We live in a time of extremes when it comes to self-esteem and affirmation. Some people are constantly criticized, derided, and put down, even by family members, and feel as if they are worthless and can never be good enough. Other people receive nothing but praise and affirmations of their value and feel as if they are better than everyone else and that everything they do is wonderful even when it clearly is not. Most people are somewhere in between in terms of both giving and receiving affirmation, and it is often their personal experiences which dictate how comfortable they feel in giving or receiving affirmation and praise.
The attitude in many churches and in many relationships among Christians can be summarized as “assuming the positive and pointing out the negative.” Many feel our culture spends too much time building up people’s self-esteem; therefore, they feel the church is the place to bring people down a few notches. The tone set from the pulpit and in the Bible classes tends to reinforce this attitude: if something is being done well, there is little need to point that out; more time needs to be spent on pointing out the problems and difficulties. “Positive preaching” is frequently looked at with suspicion and is often associated with the itching ears of 2 Timothy 4:3-4. Likewise, husbands and wives take for granted when the other serves and does as they should in the marriage but are quite liberal with the critiques for where the other falls short. Parents often fail to show appreciation for the ways the children obey but are quick with censure for when they disobey; likewise children are full of criticisms of how their parents have let them down but often do not show any appreciation for their parents’ effective efforts and sacrifices.
We are not responsible Christians if we do not speak about or address problems and difficulties. Christians are to identify and handle disputes among one another (Matthew 18:15-17, 1 Corinthians 6:1-8). Sin and false doctrines are to be called out for what they are (Galatians 1:1-5:16, 1 Corinthians 5:1-13, 6:9-11, 1 Timothy 4:1-5). Paul exhorts Timothy and Titus in his correspondence with them to point out, address, and rebuke the very real problems in the churches where they serve.
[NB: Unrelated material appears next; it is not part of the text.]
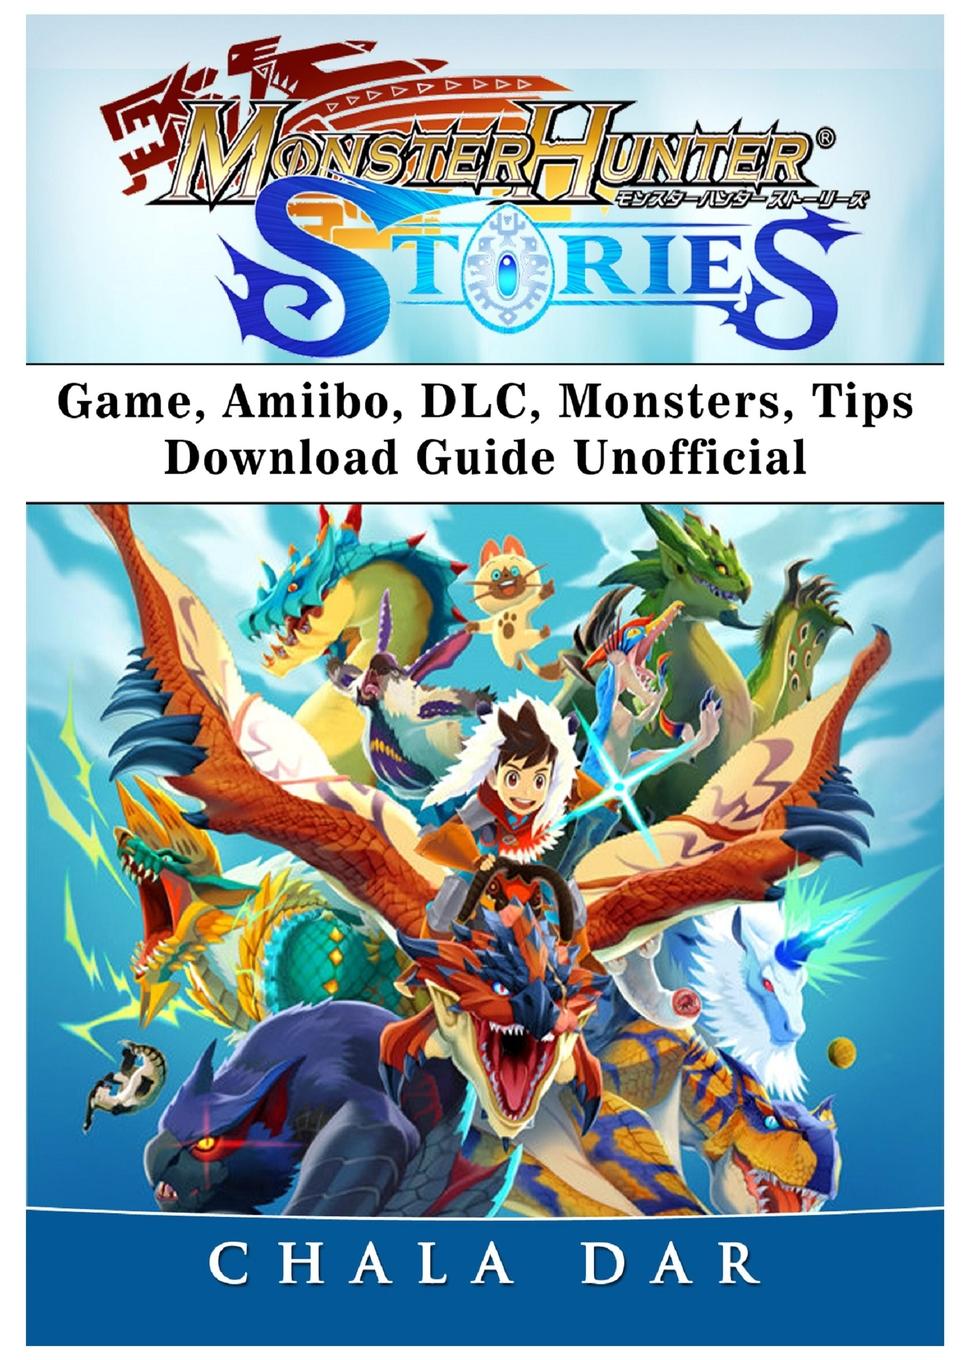 фото Monster Hunter Stories Game, Amiibo, DLC, Monsters, Tips, Download Guide Unofficial

Yet we do well to note that the same Paul would always begin his correspondence with a message of affirmation, praise, and thankfulness, that which is truly “encouragement.” The Corinthian Christians are divided, tolerating flagrant sin, taking each other to court, abusing spiritual gifts, and some even deny the resurrection, yet Paul begins his letter to them by thanking God for how they had received His grace and were enriched in Him (1 Corinthians 1:4-8). Paul does not know much about the Roman Christians but first gives thanks and praise for them since their faith has been proclaimed in all the world (Romans 1:8-15). The Lord Jesus, when addressing the seven churches of Asia, began the letter to each church with whatever He could find that was praiseworthy: their works, their toil and patience, their poverty, etc., save for Laodicea, regarding whom Jesus could apparently find nothing positive (Revelation 2:1-3:22).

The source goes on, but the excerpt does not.